After a while, he said, “It makes perfect sense. Ask me why.”
“Why?”
“Your question reeks of impudence but I will pretend I did not notice.” He turned to his knapsack, unhitching it and plopping it on the table between us. “An erudite man always tries to find the correct answers to his puzzles because he knows that the minute the answers stop, the Brute will return. Sometimes I feel it bubbling beneath my skin.” He reached into his knapsack and brought out a mask. “It allowed a woman who was incomplete to balance out the world. With the mask on, she was able to neutralize everything. The oppressive world she imagined, the people she believed meant her harm and finally, her own frailty. She became sightless and so she could choose whatever vision she wanted to dance in her mind.” He sounded unexpectedly lucid. “Your own words, if I am allowed to quote.” I guessed he was quoting from the script. “Strangely, she was the only one who could tell what was real and what was not. A sightless siren unswayed by visual prejudices,” he said, lisping heavily. Next, he withdrew a piece of crumbled paper. “Placed strategically in the centre of a silver plant. Symbols and allegories and...” He was trying to pronounce hieroglyphics and growing more frustrated with each attempt. Eventually he gave up and closed his eyes. “A man taking account of his life.”
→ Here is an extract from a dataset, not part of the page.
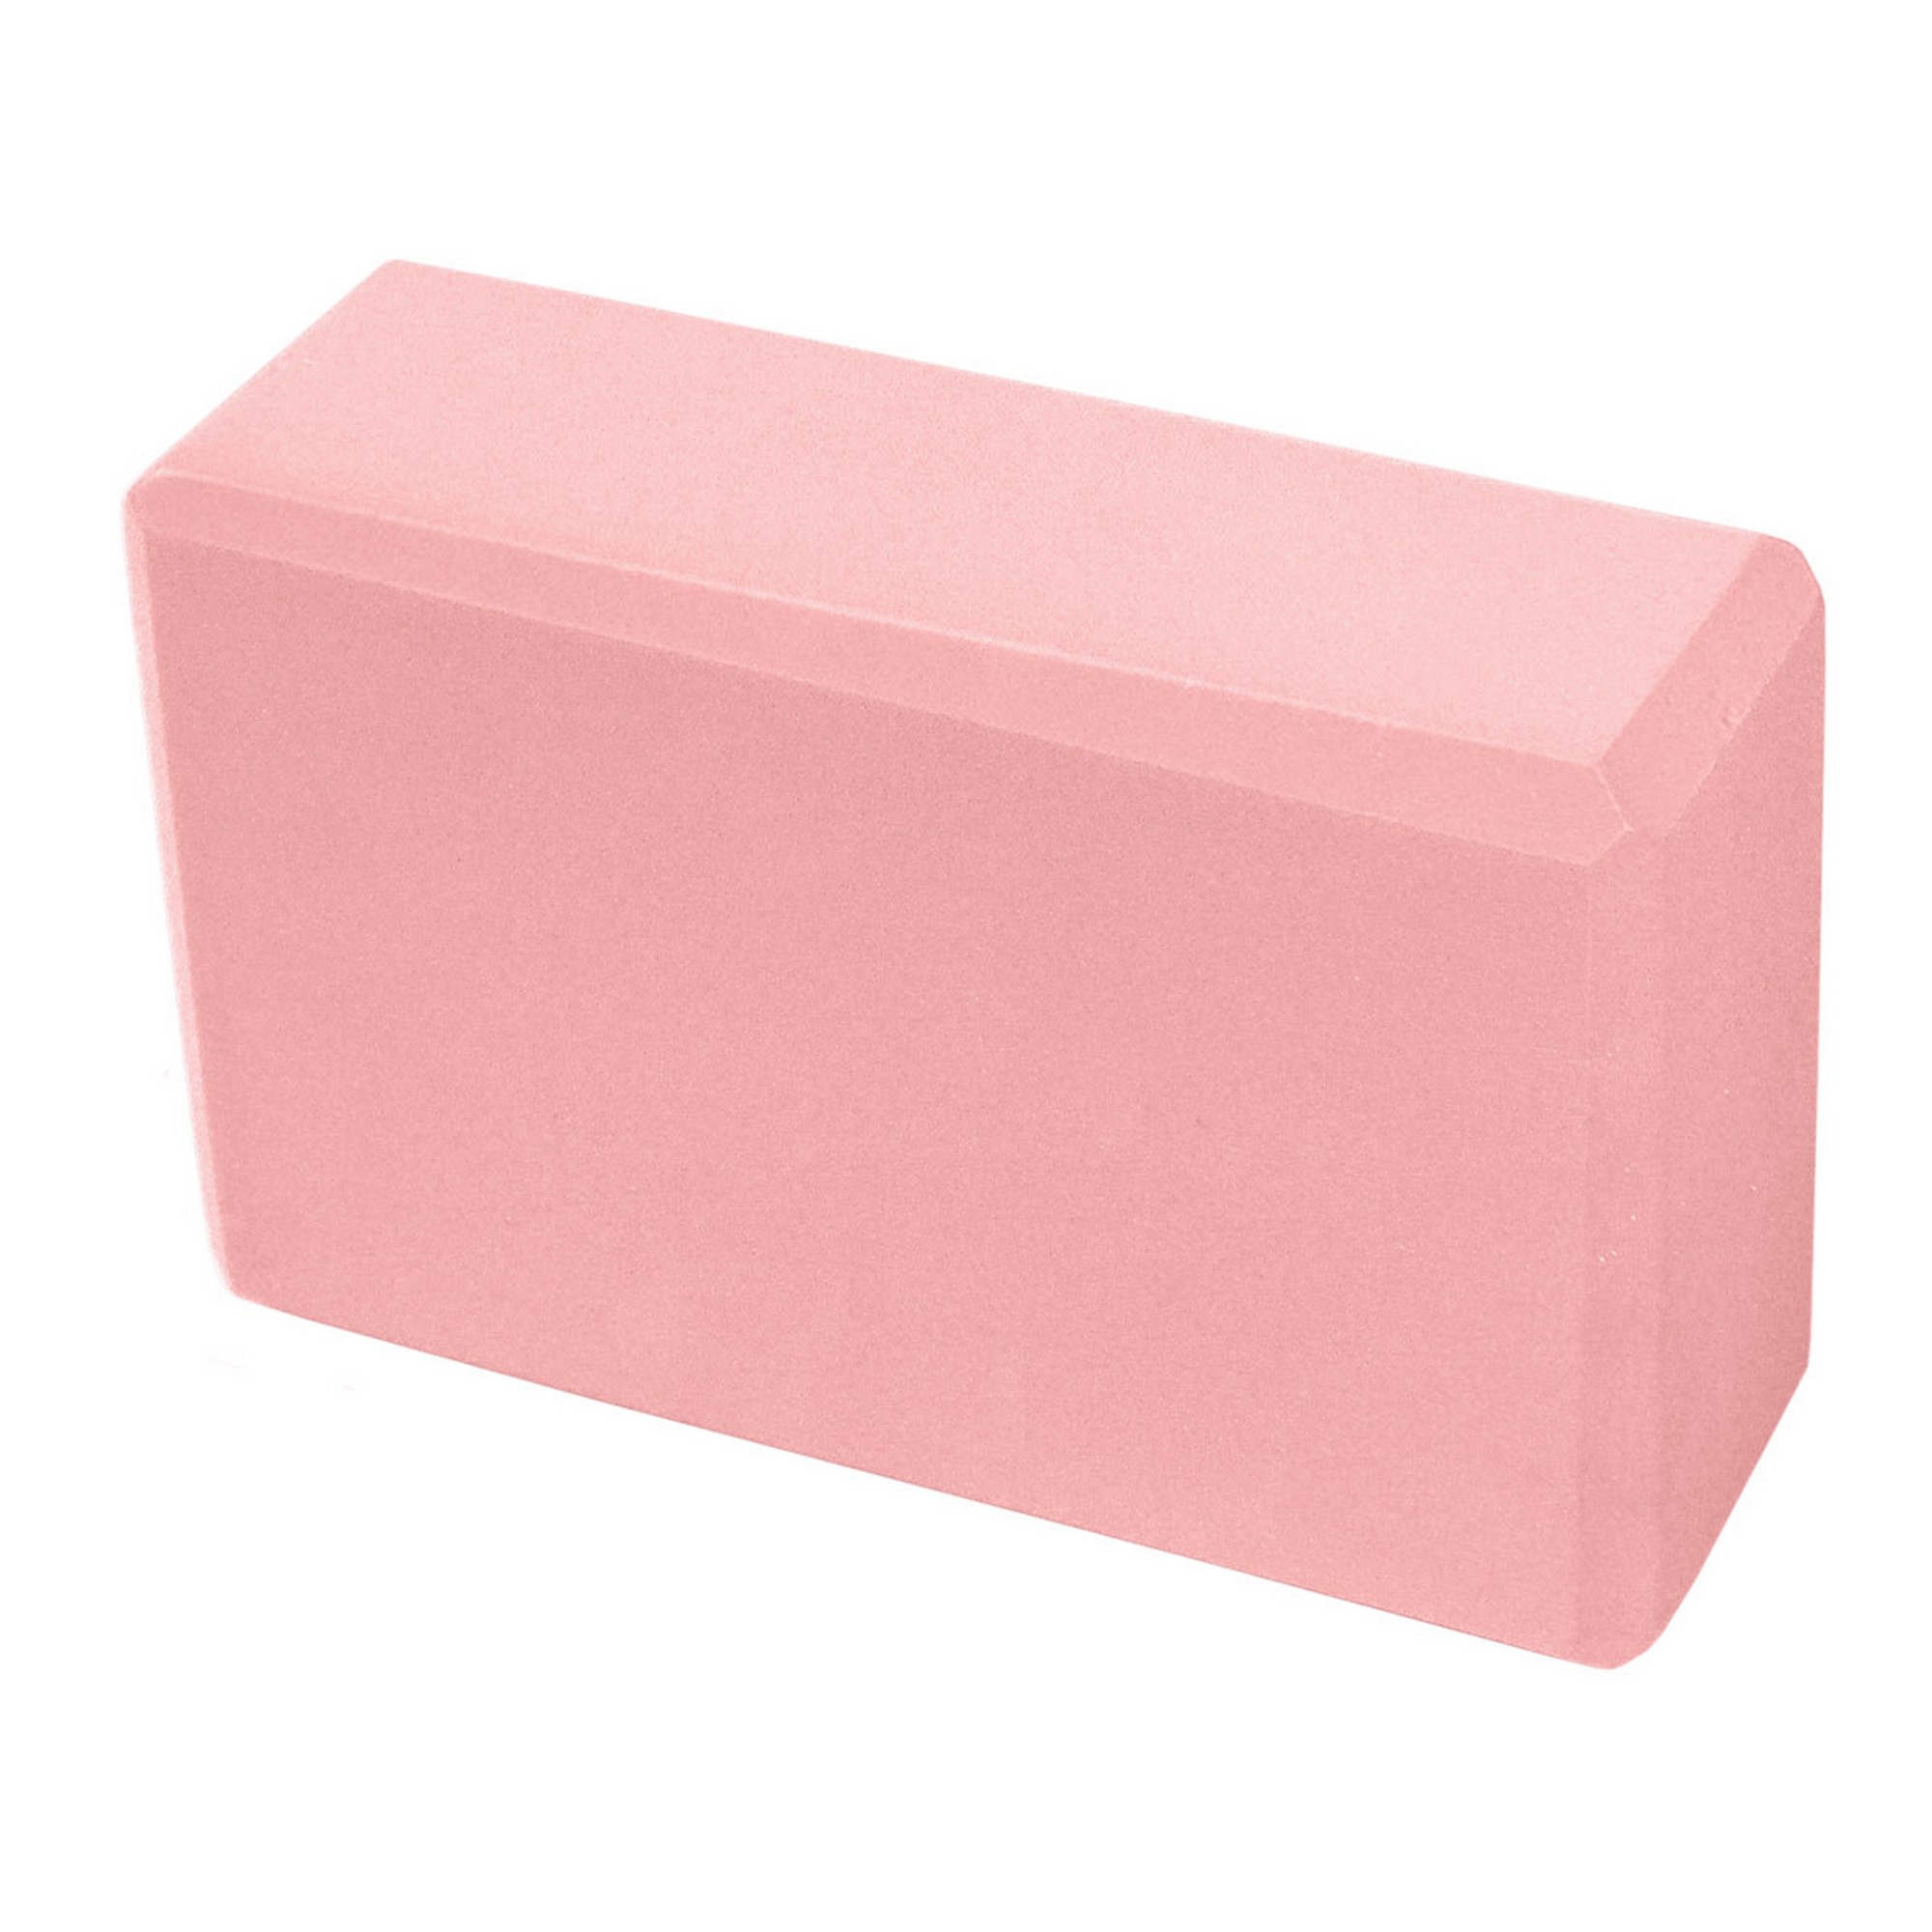 Йога блок Sportex полумягкий, из вспененного ЭВА 22,3х15х7,6 см E39131-9 светло розовый - фото 1

He brought up other pieces of junk. When he said he also had a Gladstone bag in his carriage, I felt I had to stop him. I opened the storyboard ledger and tried to locate the connection between the sketches and his junk. While I was doing so, I asked him, “Are these artifacts part of the plot? I cannot see any references here.”
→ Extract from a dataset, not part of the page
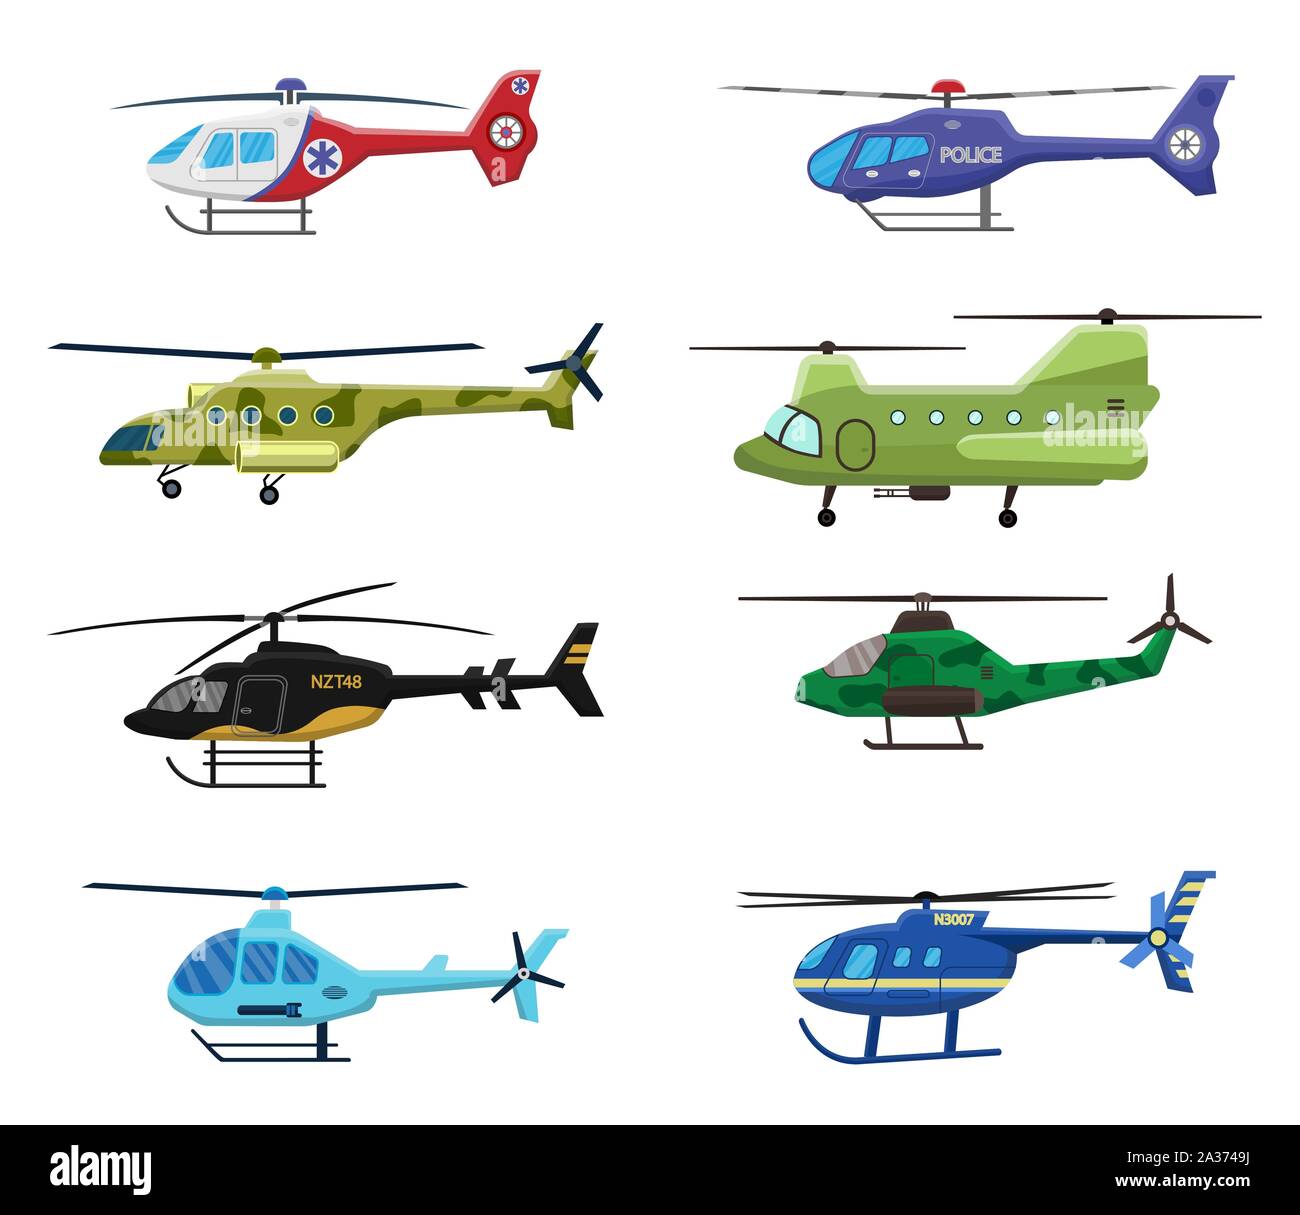 L'armée, la police et les hélicoptères médicaux icon set isolé sur fond blanc, les transports aériens, aviation, vector illustration. Illustration de Vecteur

He glanced at my notebook and said immediately, “To be quite honest, I would have once found that question to be rude and callous. I would have gone berserk, as brutes are wont to do. I would have bitten off your ears and chomped on their soft tissue. Did I ever mention that its consistency is similar to g
izzard?” He laughed, three unfocused chuckles. “That’s a joke, my friend. I would have done far worse. But I have changed. I am no longer roused by your pretence about these artifacts, as you put it. The brute inside wants to tear you apart for leaving these mementoes behind. Like in the story you told of the girl who kept reappearing to remind us of our humanity. Or maybe to keep us in check. I can’t remember everything when there are all these voices whistling in my head.” He placed both palms on his chin and twisted his neck. “But a man with a lexicon of two hundred thousand words is patient. It’s an obligation. Now I must repeat my request.”
“What is it exactly?”
“Here we go again. Let me point out that a brute never asks for directions because it’s there etched in his thick skull every minute of the day. He knows what he wants and he moves toward it. There is no shame or guilt or remorse. See, want and take. That was my credo. During those dark days, I would not think that a simple request might deflect the carnage.”